§ PROBLEM TO SOLVE
Print all of the data below exactly as it appears, leaving out every image.

§ DATASET EXTRACT
==============================
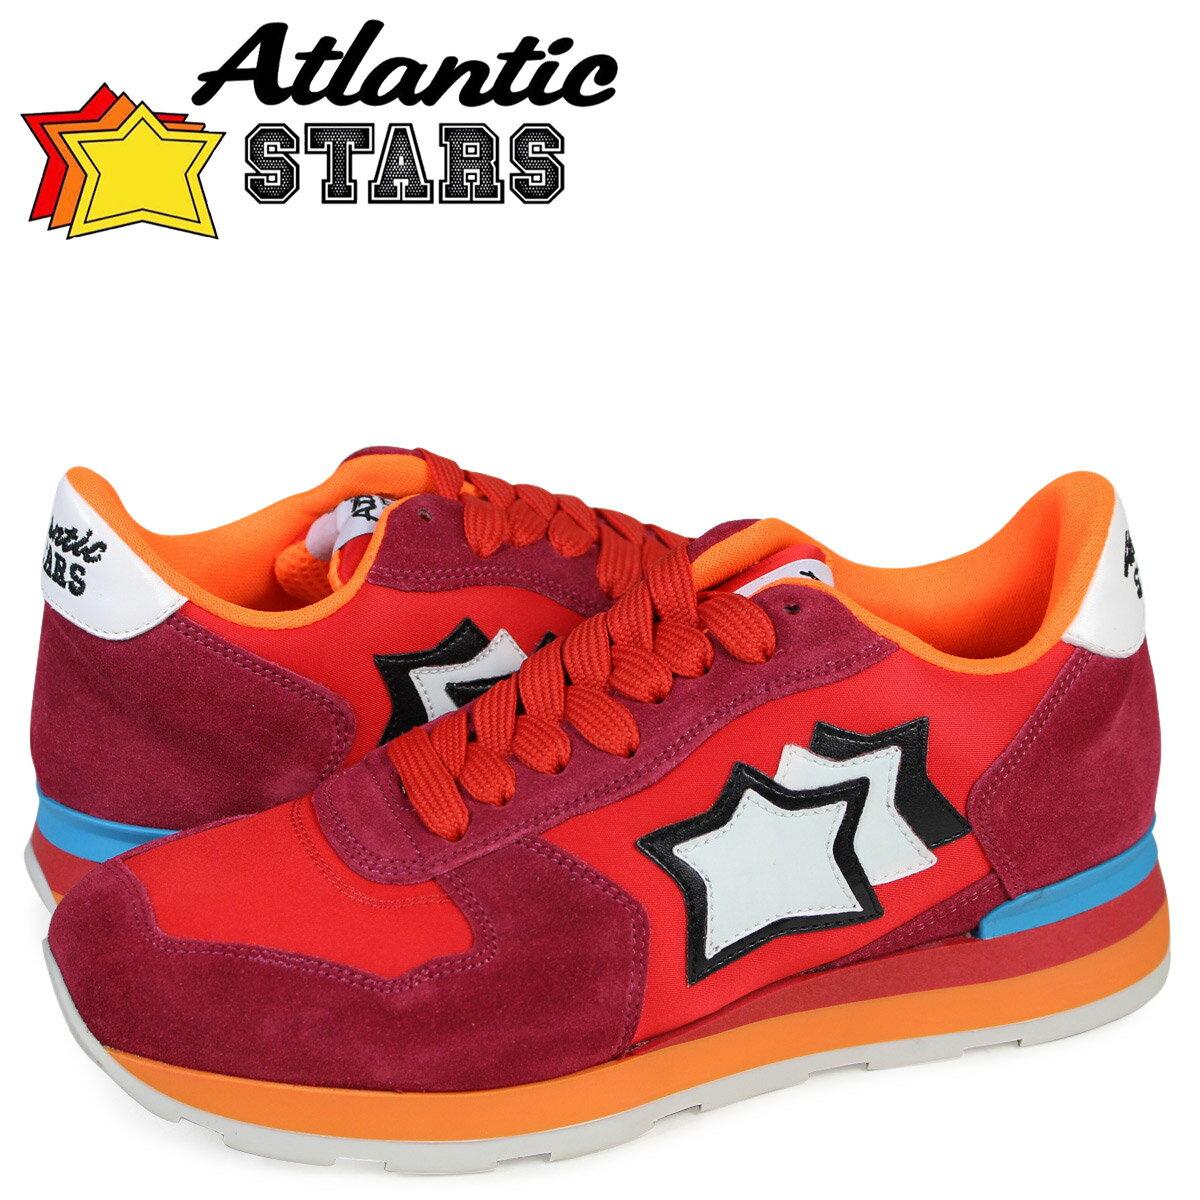 【最大1000円OFFクーポン ポイント最大30倍】 アトランティックスターズ レディース スニーカー Atlantic STARS ベガ VEGA FRA-85C 靴 レッド
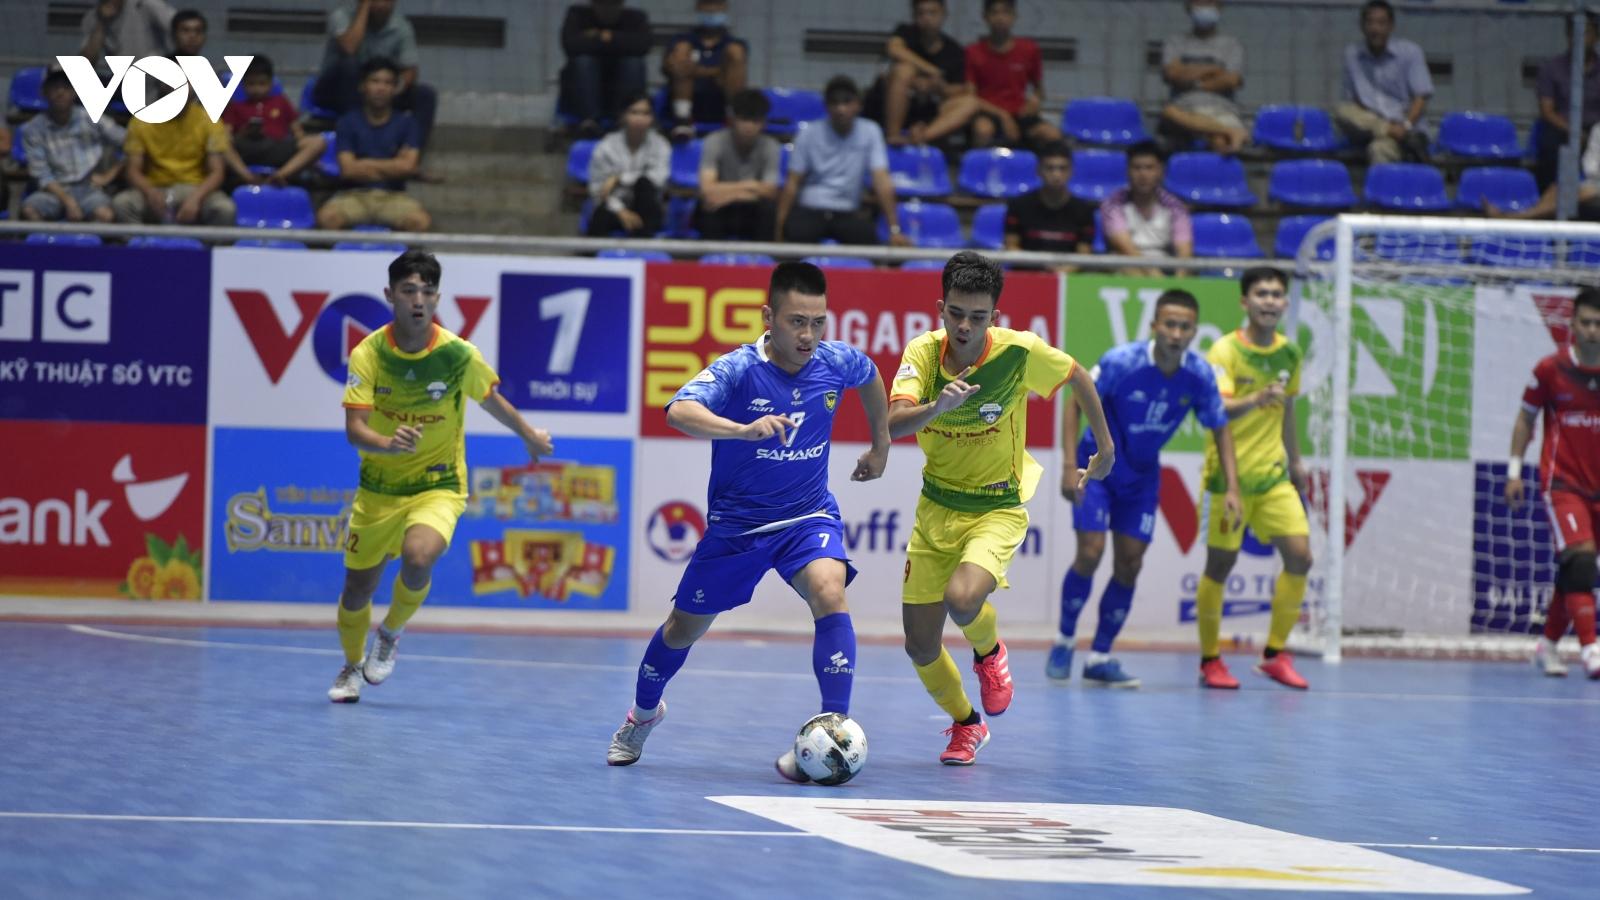 Giải Futsal HDBank VĐQG 2021: Sahako 4-1 Hiếu Hoa Đà Nẵng
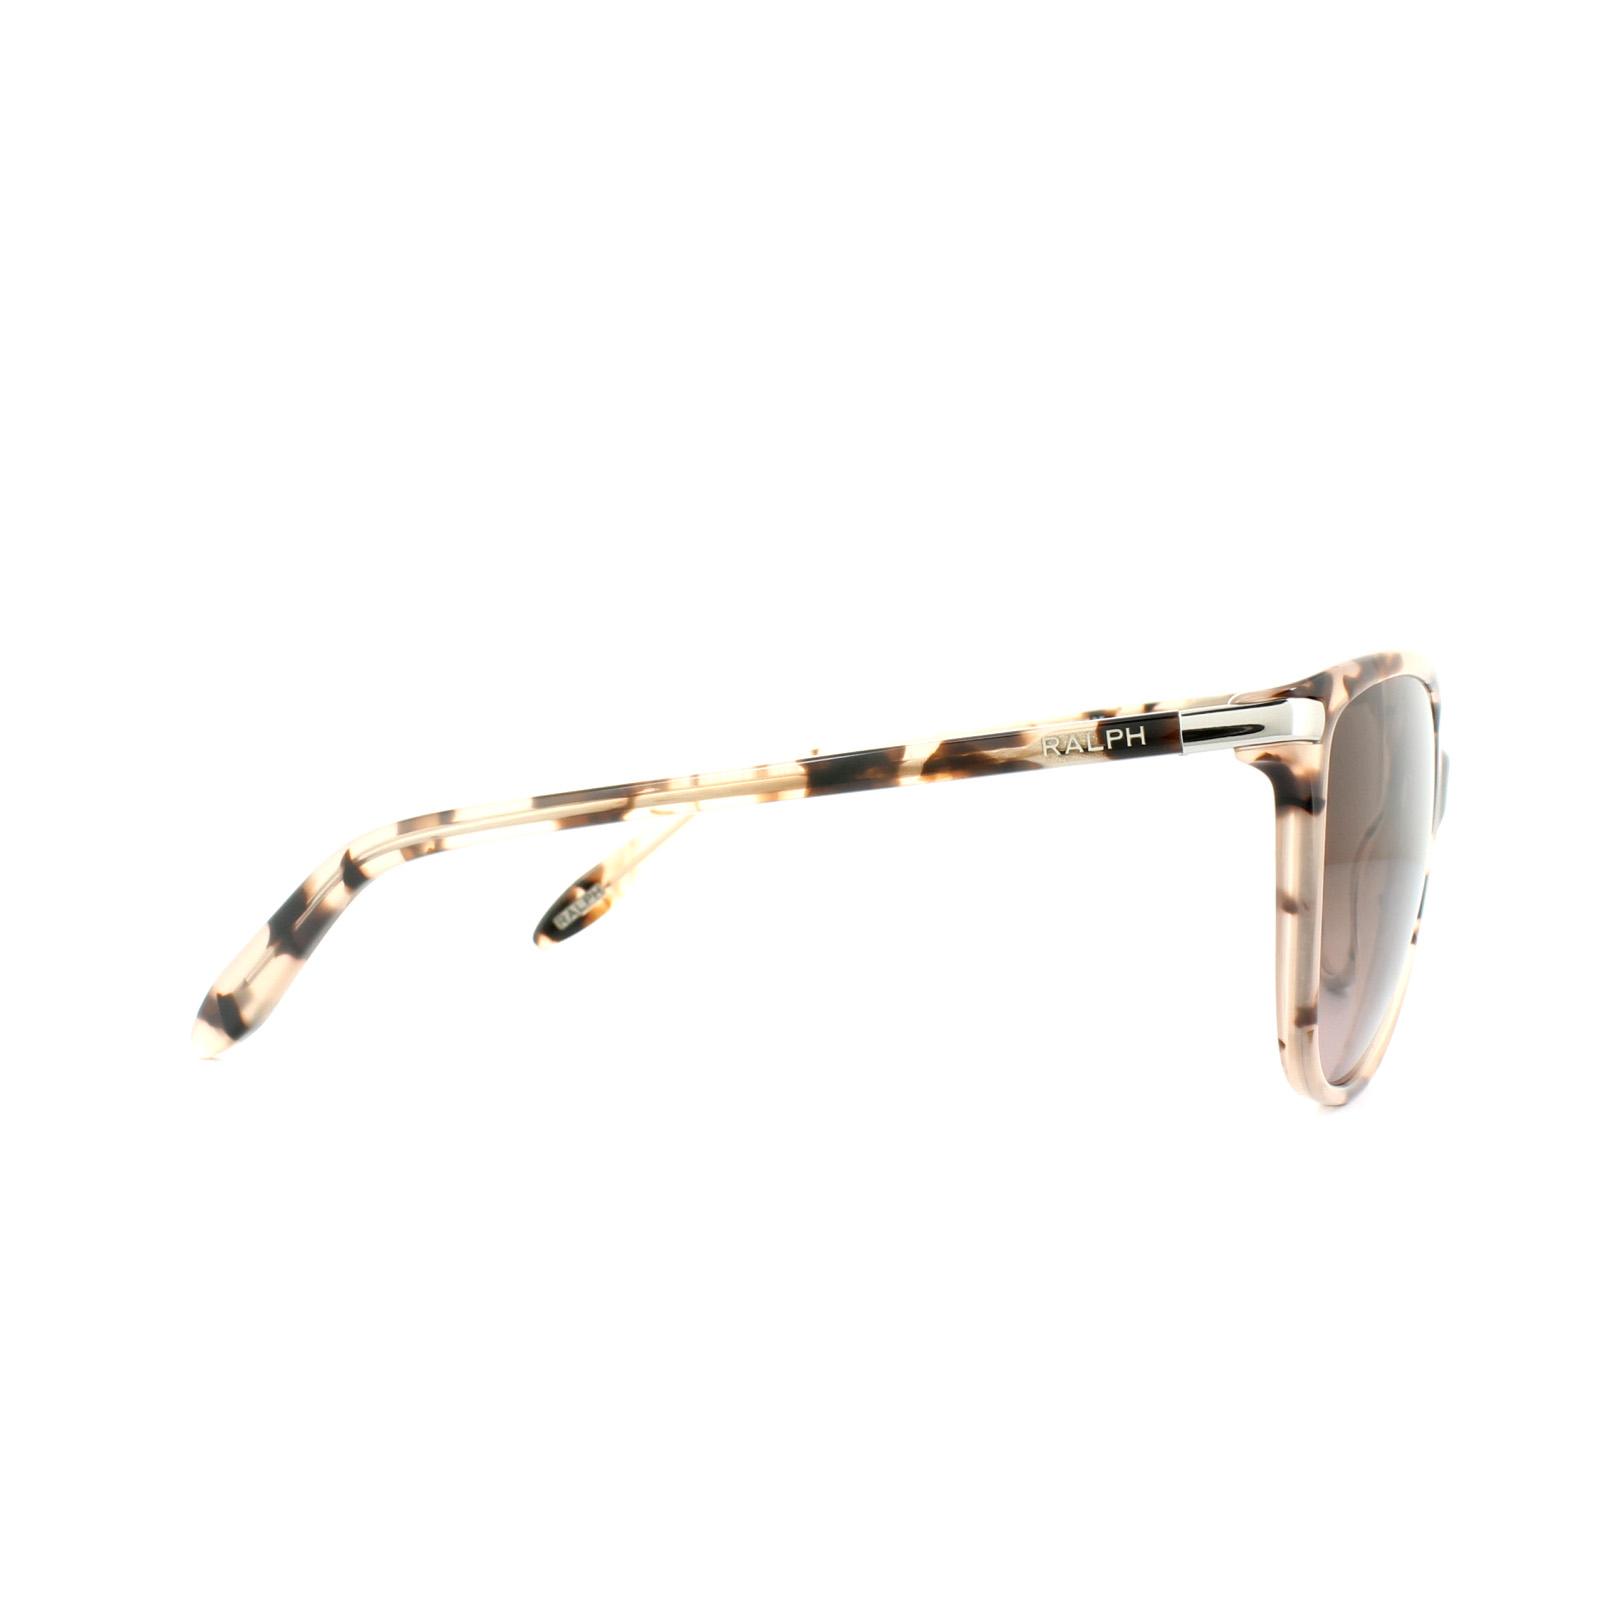 Compra ya unas Gafas de sol Polo Ralph Lauren RA 5160 111614
==============================
§ RESULT BELOW
 【最大1000円OFFクーポン ポイント最大30倍】 アトランティックスターズ レディース スニーカー Atlantic STARS ベガ VEGA FRA-85C 靴 レッド
 Giải Futsal HDBank VĐQG 2021: Sahako 4-1 Hiếu Hoa Đà Nẵng
 Compra ya unas Gafas de sol Polo Ralph Lauren RA 5160 111614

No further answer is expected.